They include increasing cross-border shopping by Canadians; the lack of growth in emerging subsegments of apparel e-commerce including subscription and rental services; and the inability of Canadian apparel retailers to incorporate new technologies into their e-commerce platforms.

STOCK PHOTO

“Apparel e-commerce continues to be underdeveloped in Canada compared to the United States. That’s the first major point. The second major point is that Canada has really gotten their act together in the last year – the apparel industry – as far as e-commerce,” said Harris.

“It’s a good news story. Yes, we’re still behind but we’re making great strides. The one statistic that I think is interesting is that e-commerce sales increased by 12 per cent last year for apparel and for the entire apparel market they grew by 1.7 per cent. That’s showing that progress is being made.

“The thing that’s holding back Canada to some degree I believe is cross-border purchasing which continues to happen for e-commerce. The United States is just not affected by Americans buying from Canadian e-commerce sites. I mean it’s so minimal it doesn’t probably even register. So it’s kind of a one-way deal.”

Another thing that holds Canada back is that the industry does not have the capital to make the needed changes to be an e-commerce retailer at the level of a U.S. retailer.

STOCK PHOTO

“Companies in the United States can throw hundreds of millions of dollars in upgrading their whole e-commerce system and Canadians just cannot do that so their websites are not as specific and they have not been able to move to omnichannel retailing which is the major thing that American companies are doing,” explained Harris, adding there are some exceptions like Harry Rosen which is a great example of an omnichannel retailer.

The industry is also experiencing these days tremendous growth in m-commerce where items are ordered on the phone. And all of the retail sites don’t necessarily have the capacity currently to take advantage of that trend. M-commerce also facilitates e-commerce, making it easier for the consumer especially the younger demographic.

“Also if you look at the sites they’re not as sophisticated. Many cases they don’t tell you the inventory available or the sizes available and those things all cost money to build into an e-commerce platform. It will come. Don’t get me wrong. It just comes at a much slower rate,” said Harris.

“It will never reach the level of the United States. It’s strictly economies of scale and cross-border purchasing.”

Last year, he said, e-commerce accounted for 11.1 per cent of apparel sales in Canada while in the United States it was 27.5 per cent.

“We will never get anywhere near that in Canada. Will we improve? It all comes down to dollars and cents,” said Harris.

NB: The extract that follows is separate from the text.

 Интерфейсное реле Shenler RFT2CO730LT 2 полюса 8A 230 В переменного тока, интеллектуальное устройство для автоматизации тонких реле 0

“The other thing that’s become more important in Canada but is still not as big as it should be is what’s called bopus – which is buy online pick up in store. That’s a part of an omnichannel program. The number one thing you have to do with omnichannel retailing, which is the ultimate buzzword in e-commerce, is you have to allow the consumer to order from m-commerce or the desktop and then you have to allow the consumer to pick up the purchase at a local store if they want to and thirdly return the purchase at the store as opposed to mailing it back if they choose to do so. You’re empowering the consumer to do it any way they want.”

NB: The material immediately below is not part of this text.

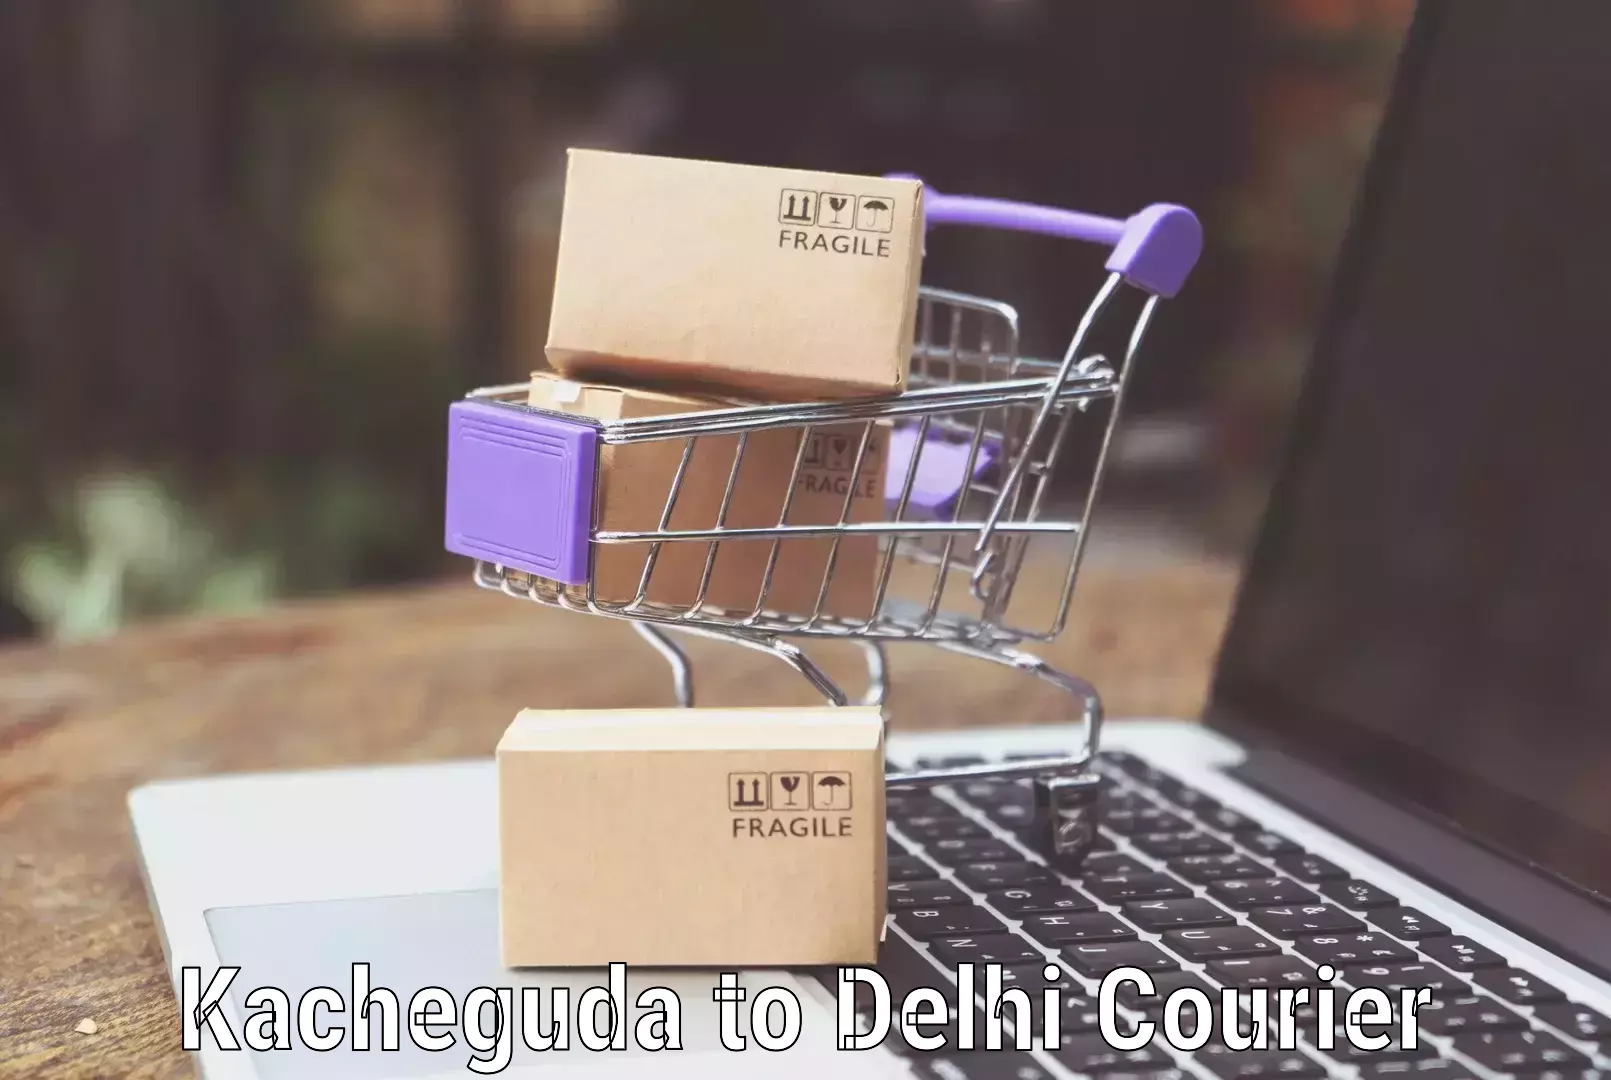 Door-to-door baggage service Kacheguda to NIT Delhi

He said all statistics have shown that when a company has an omnicommerce website and the consumer has the flexibility to do what they want their sales go up disproportionately.

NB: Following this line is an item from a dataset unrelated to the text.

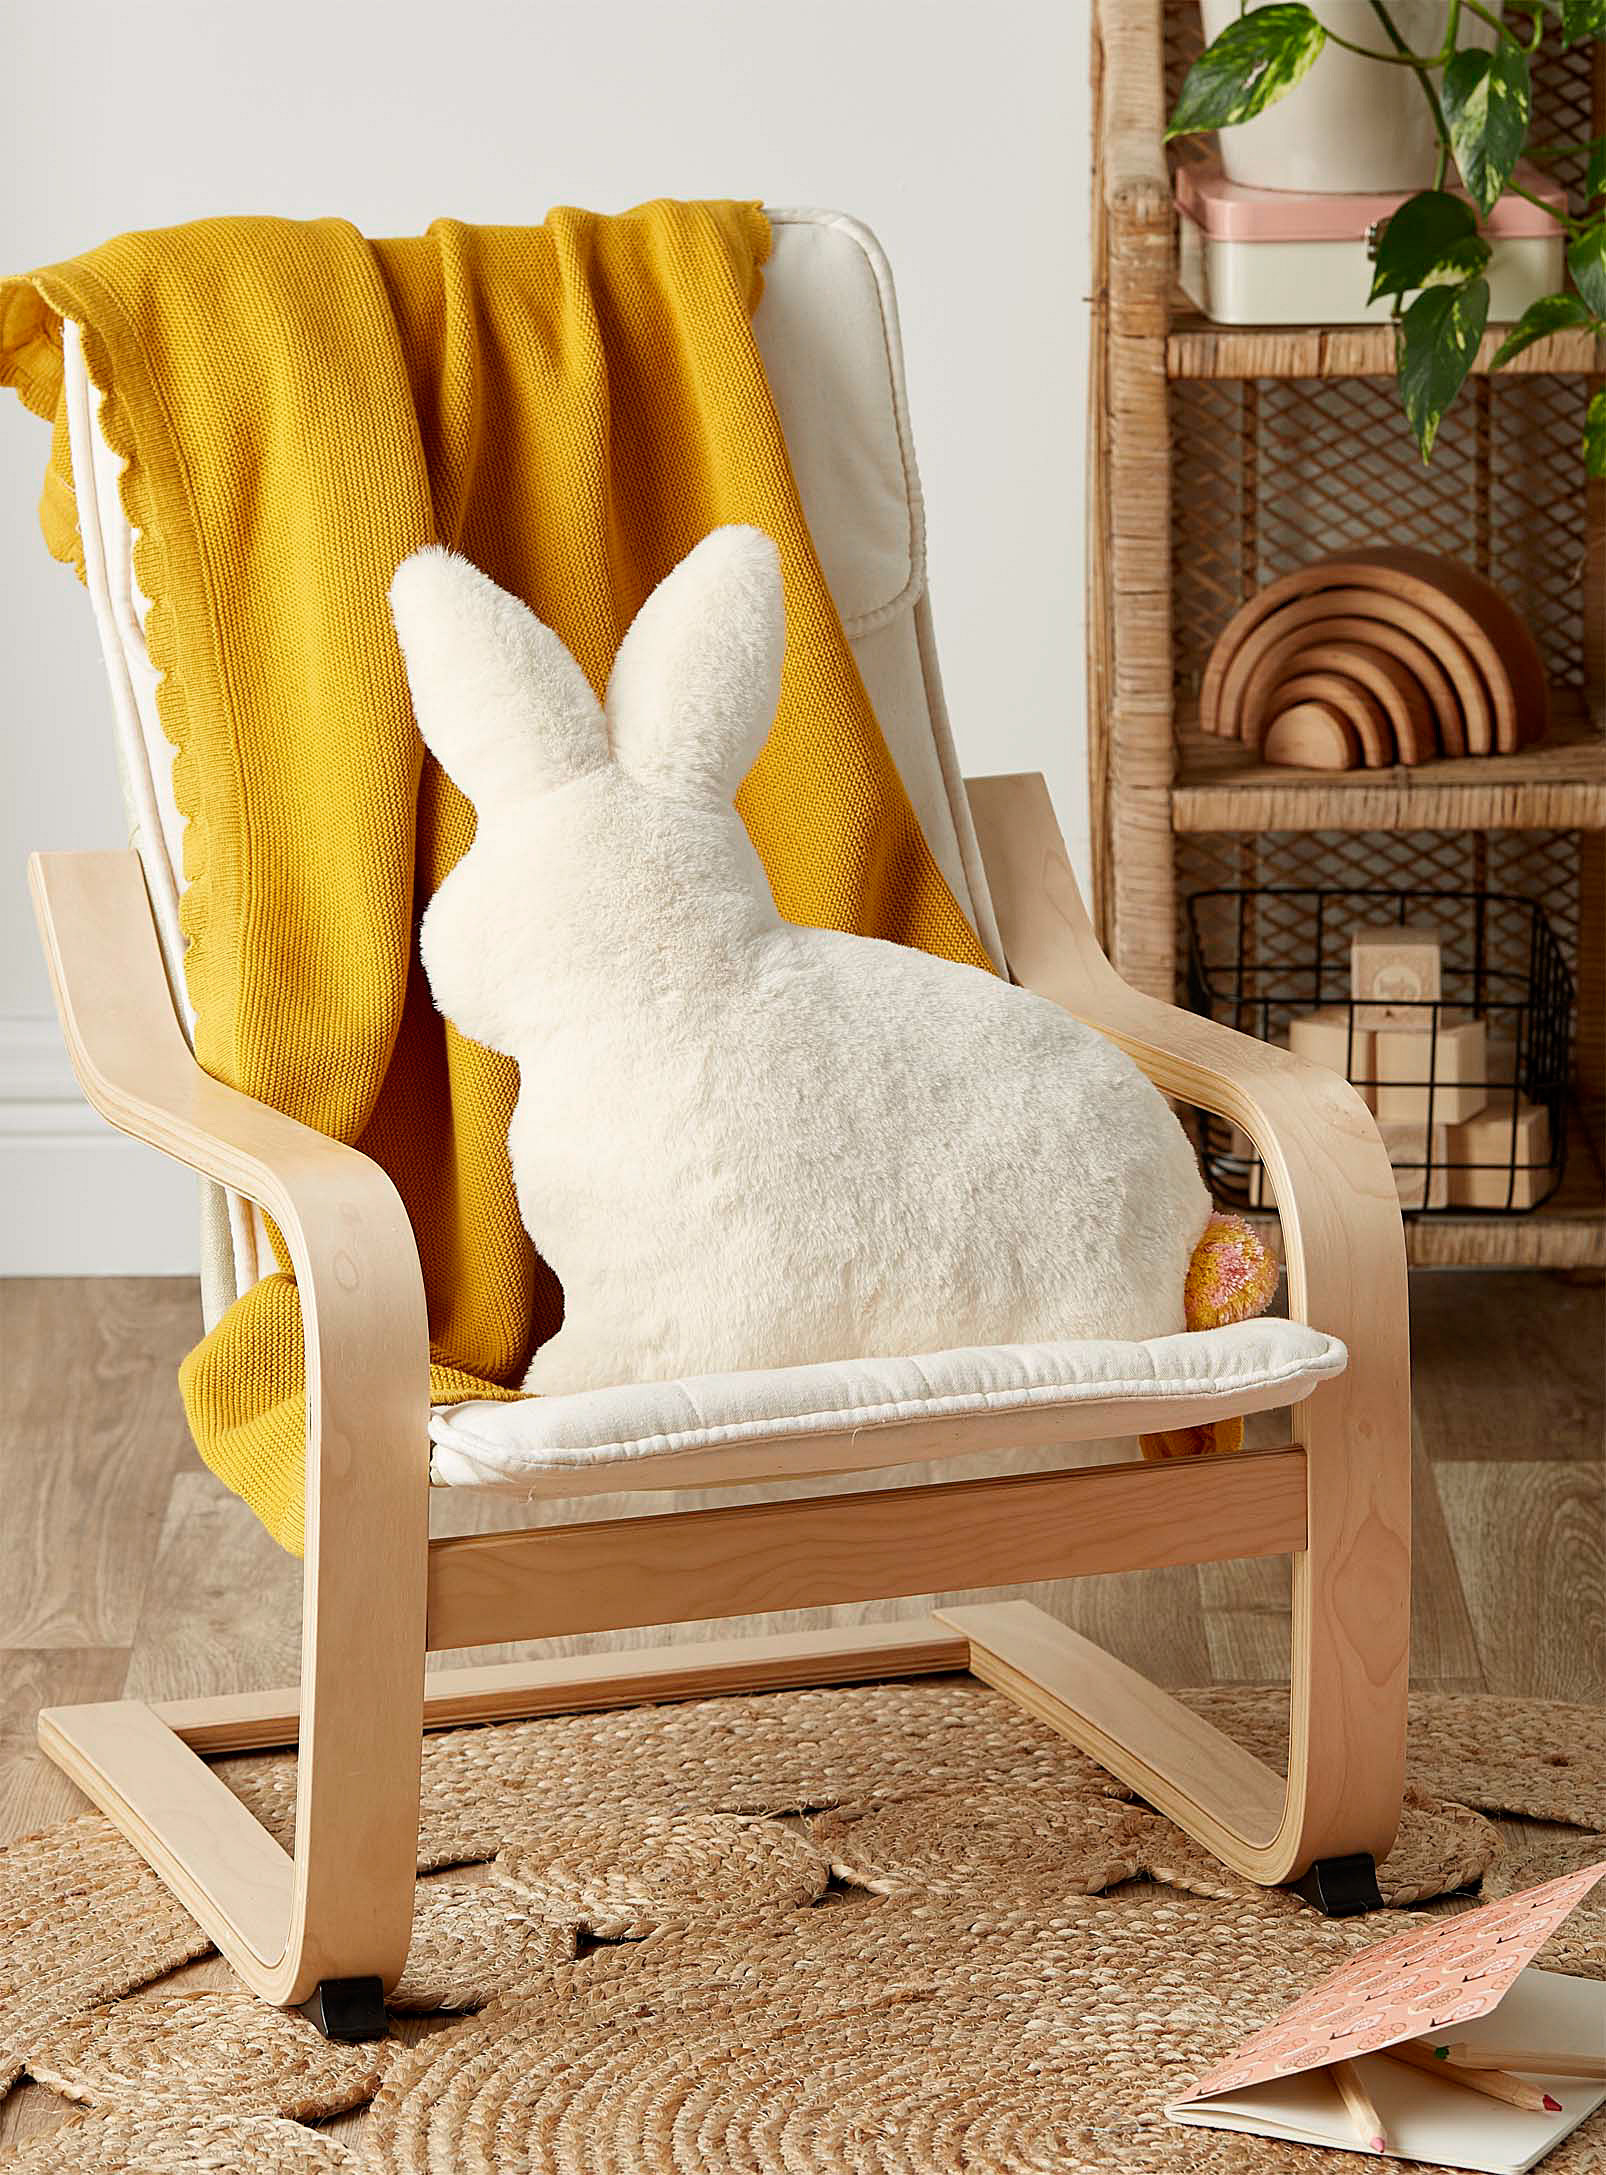 the bunny cushion on a chair

If a consumer purchases online and then goes to a store to pick up an item, they do tend to buy other items at the physical location of the store.

Here are some interesting points from the Trendex report:

  • Canada in 2018 was home to almost 35 million internet users. Canada’s internet penetration rate exceeds that in the United States and is only slightly less than in the UK and Germany. In 2018 more than 72.6 per cent of the Canadian population made a purchase online. The average amount spent per purchaser during all of 2018 was C$1,493;

  • From 2016 to 2018 according to Canada Post the number of Canadian online shoppers buying from the U.S. increased by 44 per cent. The highest percentage of online shoppers buying from the United States were in Alberta (73 per cent) and Prince Edward Island (73 per cent), the lowest percentages were those for Quebec (60 per cent) and Newfoundland (62 per cent). In 2018 only 37 per cent of Canadian e-commerce buyers shopped only domestically;

  • Three reasons are primarily given by Canadians for online shopping in the U.S.: availability of product (69 per cent), better prices (36 per cent), and better selection (26 per cent);

  • Total Canadian e-commerce sales increased 15.4 per cent in 2018 to C$18 billion, while U.S. e-commerce sales increased 15.0 per cent to US $517 billion;

  • Growth of Canadian e-commerce sales in 2018 was attributable to: Amazon’s expansion in Canada, and the offering of its Prime service; The specific investments that Canadian Tire, Loblaws, Walmart and Shopify made to expand their e-commerce sales; Growth of omni-channel retailing; The overall growth in e-commerce grocery sales resulting from a fierce battle among Canada’s largest food sellers (e.g. Loblaws, Walmart, etc.) for e-commerce market dominance; and A Canadian consumer who increasingly feels more comfortable purchasing online.

The Canadian 2018 Largest E-commerce Retailers were:

The Canadian 2018 Largest E-commerce Retailers

Estimated Monthly Traffic (millions) was:

  1. Amazon Canada 42.0

  2. Best Buy Canada 33.9

  3. eBay Canada 33.8

  4. Walmart Canada 32.2

  5. Canadian Tire 22.0

  6. Costco Canada 19.6

  7. Home Depot Canada 12.8

  8. Hudson Bay 12.1

  9. Etsy Canada 8.3

  10. Newegg Canada 6.4

Results of Leger ‘WOW’ Customer Experience Retail Monitor to be Released in Toronto November 14th

By Retail Insider 

On the morning of Thursday, November 14, Leger will unveil the results of the 10th Annual WOW study in Toronto. Attendees will learn which retailers are offering a WOW customer experience. Leger will also be presenting the results of the WOW Digital study, which debuted last year. 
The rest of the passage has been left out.